A network engineer is assigned the block 10.0.0.0/8 and needs to create subnets with approximately 60 hosts each. Which prefix length should be used for each subnet?
A/24, because each /24 provides 254 usable hosts — more than enough for 60
B/26, because 2⁶ = 64 addresses gives 62 usable hosts — the closest fit above 60
C/27, because 2⁵ = 32 addresses gives 30 usable hosts — close enough to 60
D/25, because 2⁷ = 128 addresses provides plenty of capacity for 60 hosts
A /26 mask leaves 6 bits for the host portion: 2⁶ = 64 total addresses, minus 2 reserved (network address and broadcast), gives 62 usable host addresses — the smallest subnet that fits 60 hosts. A /25 gives 126 usable hosts but wastes more than half the address space per subnet. A /27 gives only 30 usable hosts — not enough. A /24 gives 254 hosts, which is excessive. CIDR's value is precisely this ability to right-size subnets to actual requirements rather than being forced into classful blocks.
Question 2 Multiple Choice
An ISP assigns 200 customers /24 subnets from the block 10.5.0.0/16. Without route aggregation, upstream routers need 200 routing table entries for these customers. How does CIDR route aggregation improve this?
AAggregation reduces the 200 entries to 200 /16 entries, one per ISP customer
BAggregation allows the ISP to advertise a single 10.5.0.0/16 route that covers all 200 subnets in one entry
CCIDR automatically aggregates all subnets from the same block at the source router with no configuration needed
DAggregation has no effect because each /24 is a distinct customer network that must be advertised separately
With CIDR route aggregation (sometimes called supernetting), the ISP can advertise a single 10.5.0.0/16 route that summarizes all /24 subnets within that block. Upstream routers see one entry instead of 200. This is one of the primary motivations for CIDR: it allowed the global routing table to remain manageable as the internet grew, rather than exploding with individual subnet routes. The same mechanism scales to ISPs advertising a single /8 or /12 that covers thousands of customer subnets.
Question 3 True / False
A /25 network contains exactly half the total address space of a /24 network, giving it 128 total addresses (126 usable hosts).
TTrue
FFalse
Answer: True
Each additional bit in the prefix length halves the address space. A /24 has 2⁸ = 256 total addresses (254 usable). A /25 has 2⁷ = 128 total addresses (126 usable). Conversely, each bit removed from the prefix doubles the address space: a /23 has 2⁹ = 512 total addresses. This binary relationship between prefix length and address count is fundamental to all subnetting calculations — and is why CIDR arithmetic requires solid binary number intuition.
Question 4 True / False
Under CIDR, subnet masks is expected to correspond to Class A (/8), Class B (/16), or Class C (/24) boundaries to ensure compatibility with modern routers.
TTrue
FFalse
Answer: False
CIDR (Classless Inter-Domain Routing) was specifically designed to eliminate classful constraints. The 'classless' in CIDR means prefix lengths can be any value from /0 to /32, not just the three classful values. An organization needing 300 hosts can receive a /23 (510 usable hosts) rather than being forced into a Class B /16 (65,534 hosts). Classful addressing was the pre-CIDR system that CIDR replaced precisely because rigid class boundaries caused enormous address waste — a Class B wasted 99% of its address space for an organization needing only a few hundred addresses.
Question 5 Short Answer
Explain how CIDR notation solves both the address waste problem and the routing table growth problem that plagued classful (Class A/B/C) addressing.

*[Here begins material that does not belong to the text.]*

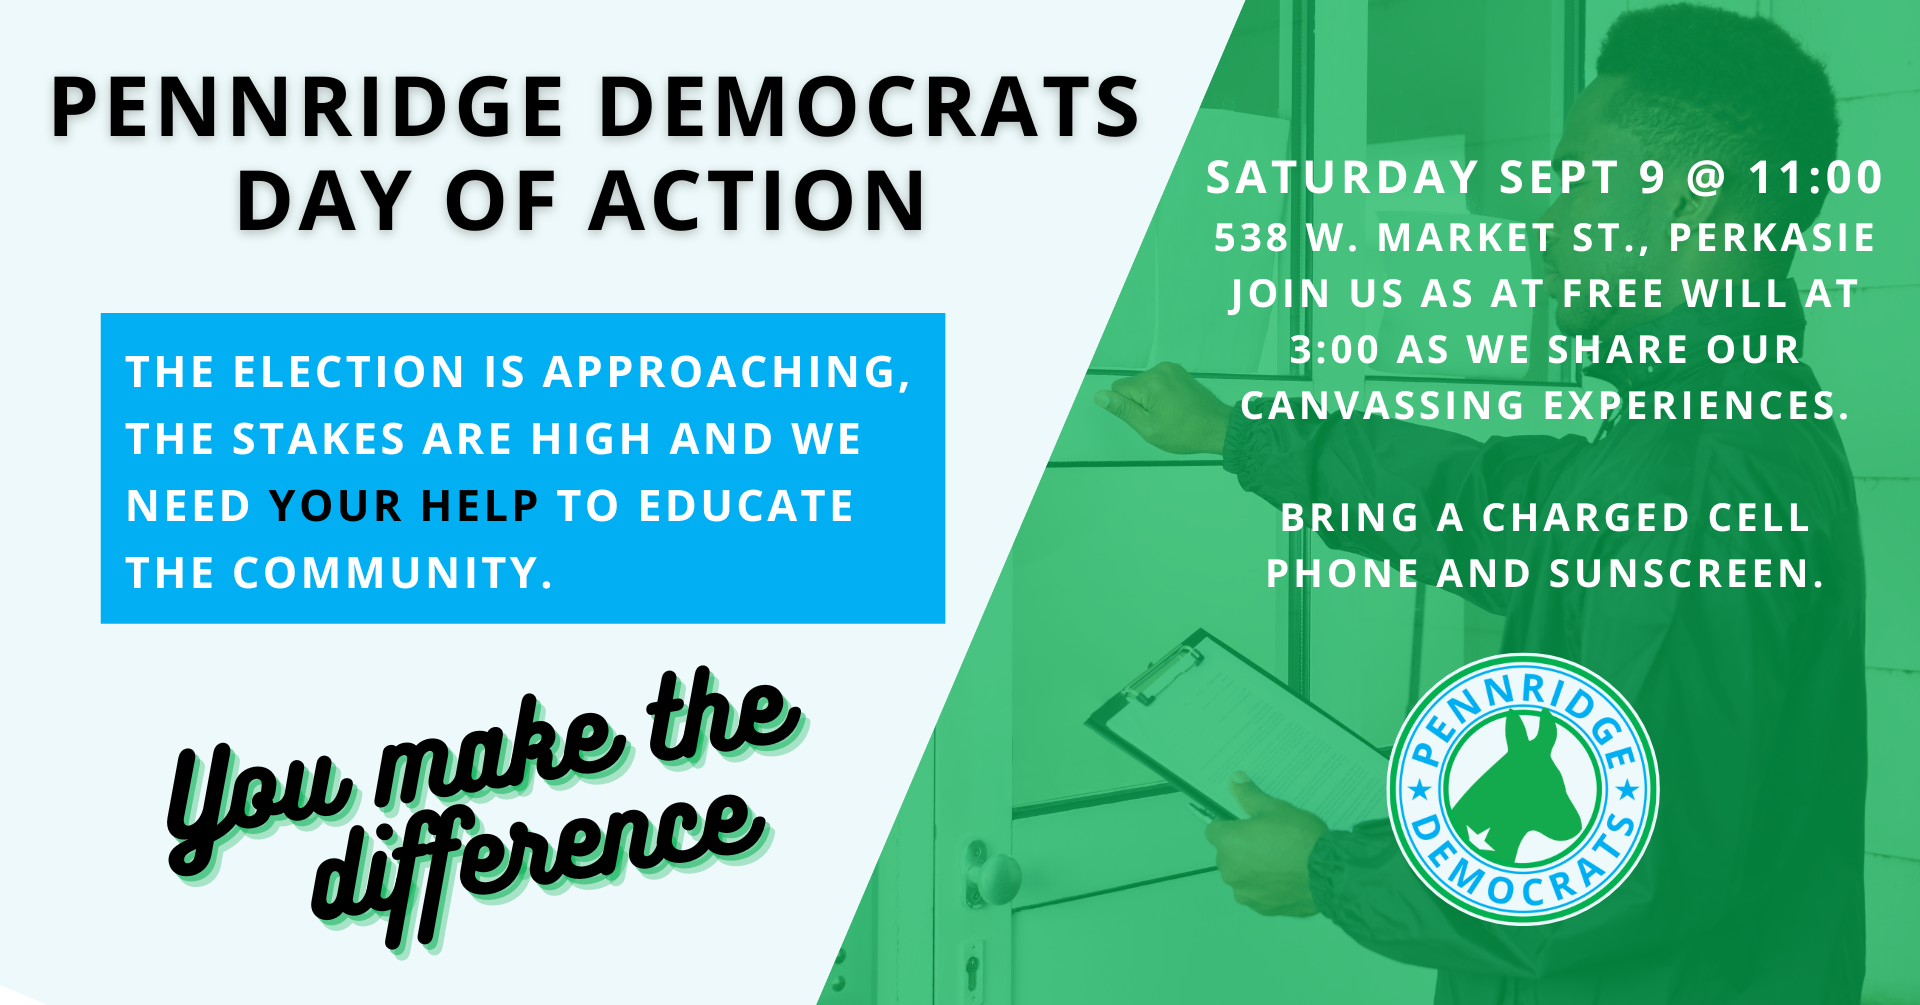 Pennridge Democrats Day of Action - September 9 at 11:00 am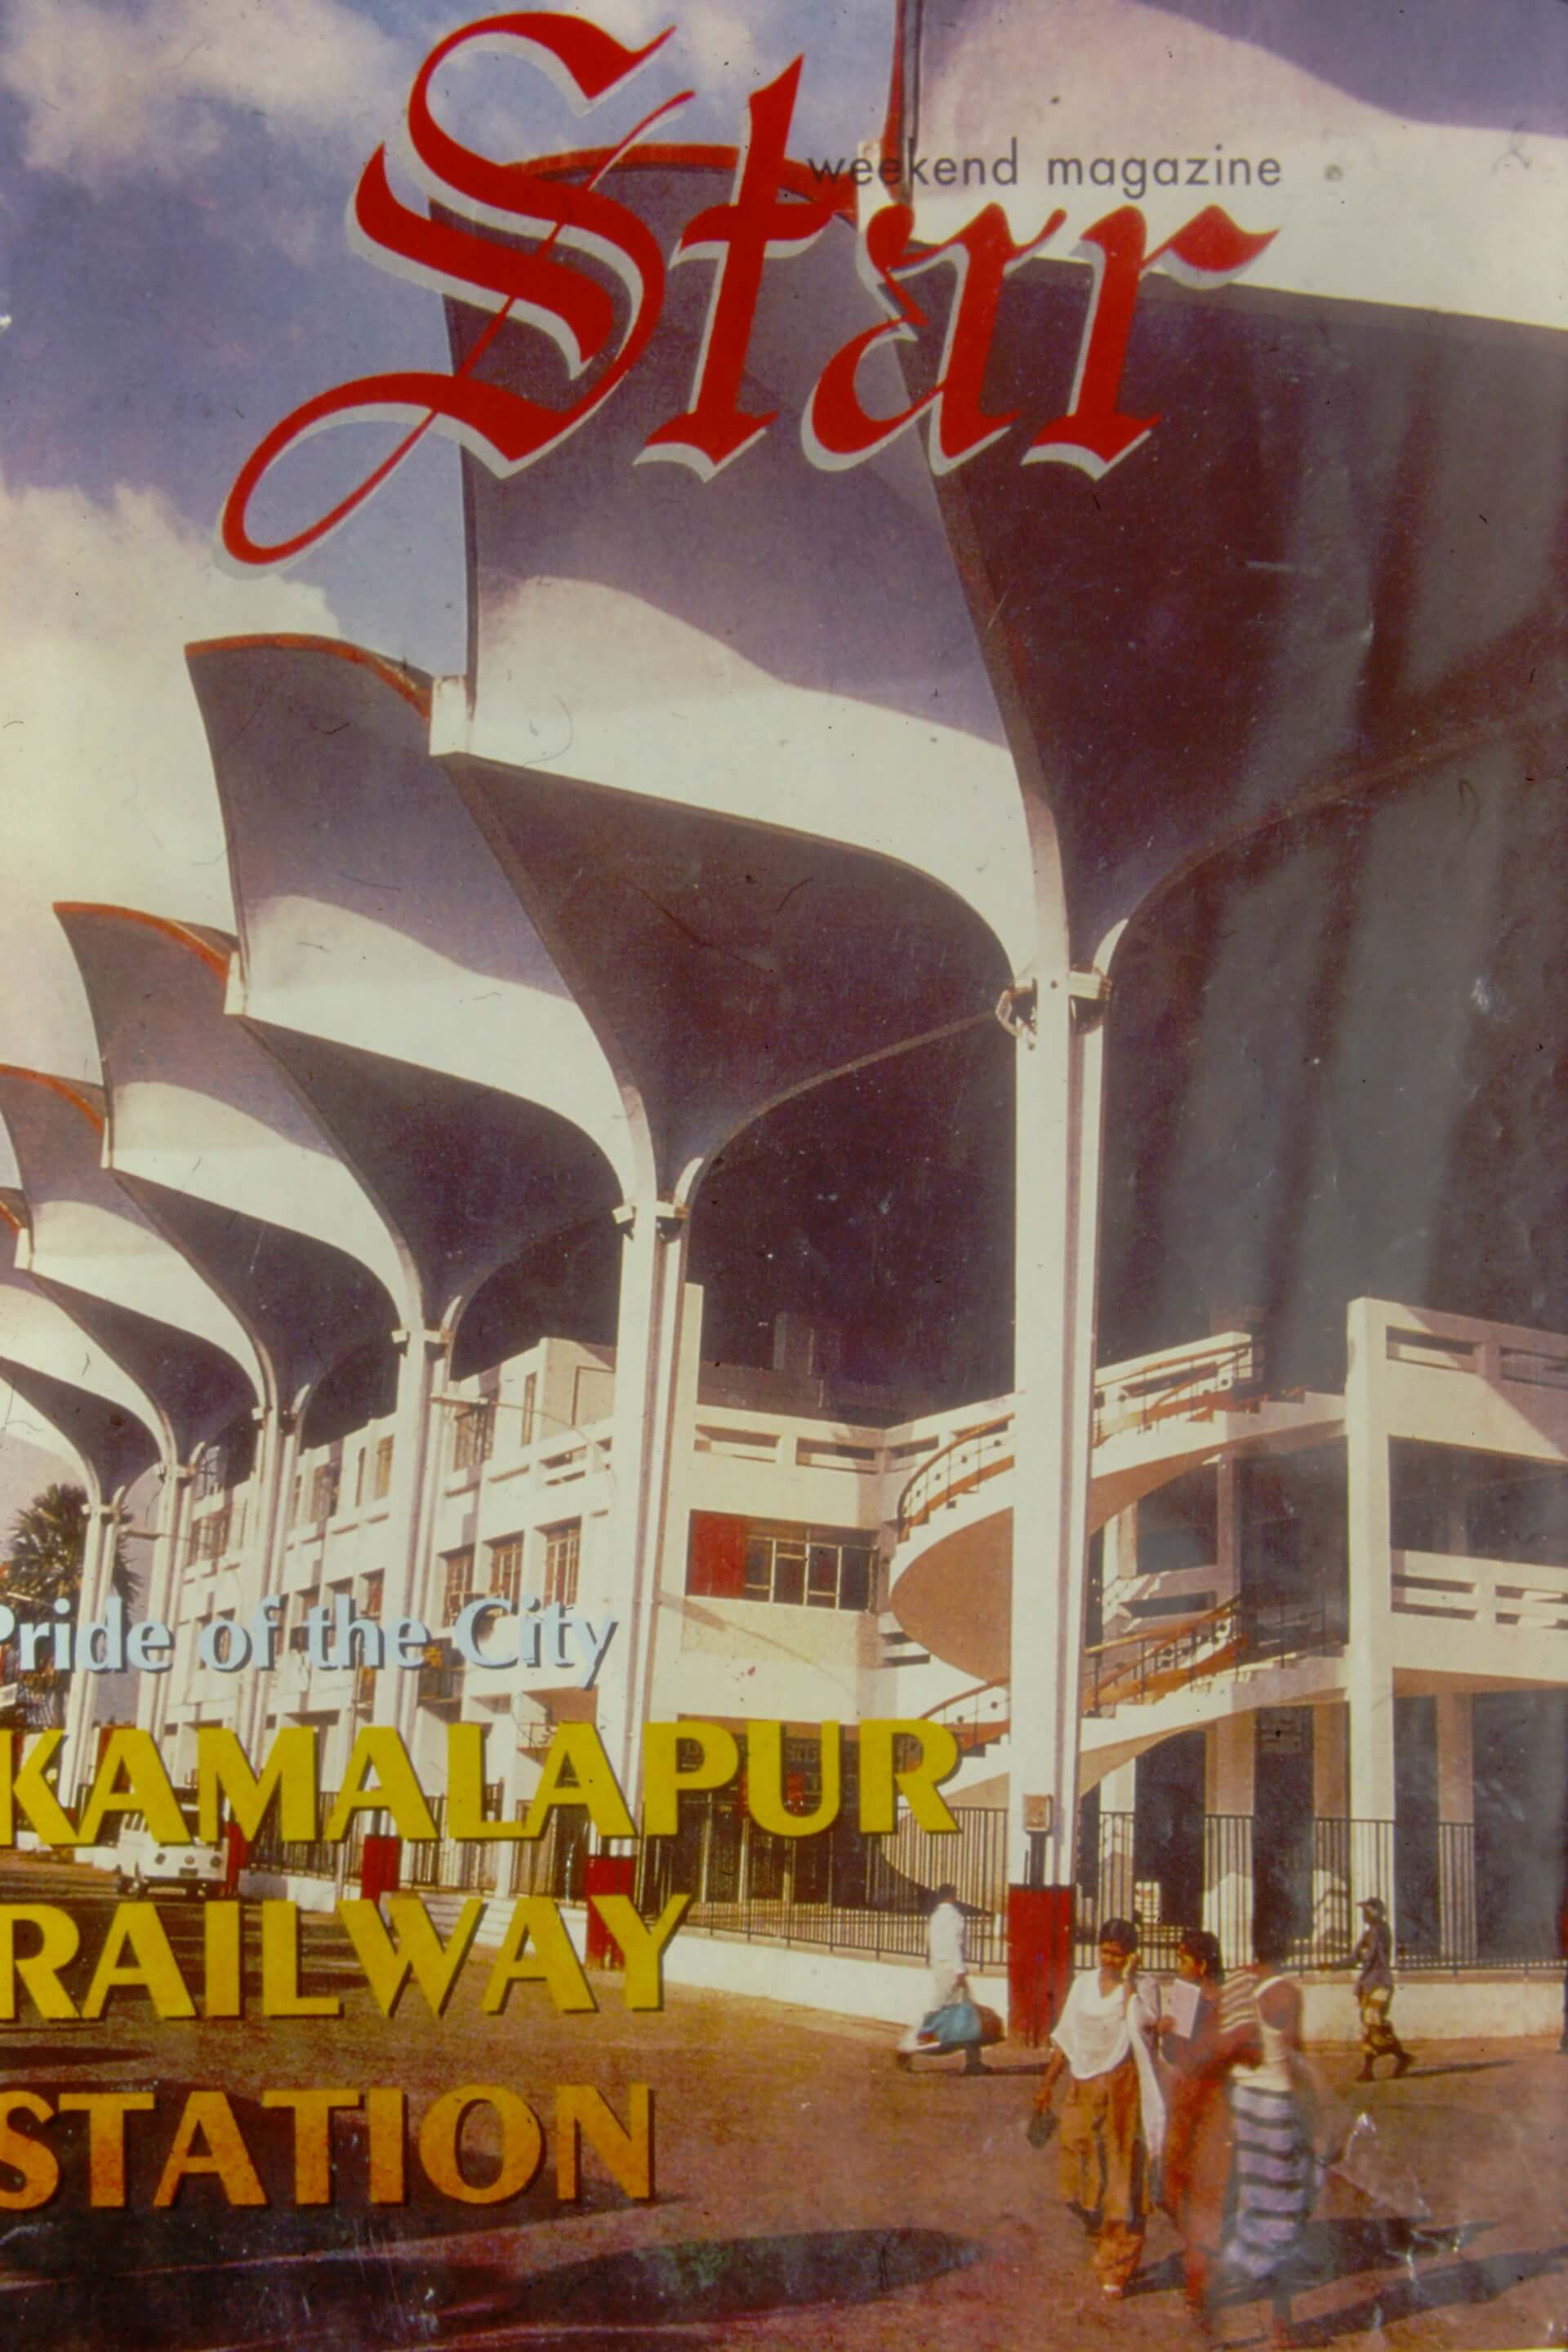 Cover of a magazine with the rail station on it

Think about your answer, then reveal below.
Model answer: Classful addressing forced organizations into blocks of /8 (16M hosts), /16 (65K hosts), or /24 (254 hosts). An organization needing 300 hosts had to receive a /16, wasting over 99% of the addresses. CIDR allows any prefix length, so that organization can receive a /23 (510 hosts) — a near-exact fit. For routing table growth: without aggregation, each subnet requires a separate routing table entry. CIDR enables route aggregation — a single /16 advertisement covers 256 individual /24 subnets, keeping routing tables from growing proportionally with the number of networks.
These two benefits — address conservation and routing scalability — are why CIDR allowed IPv4 to survive decades longer than originally projected. Both flow from the same mechanism: flexible, arbitrary prefix lengths that allow both right-sizing of address allocations and hierarchical summarization of routes. IPv6 uses exclusively prefix-based notation for the same reasons.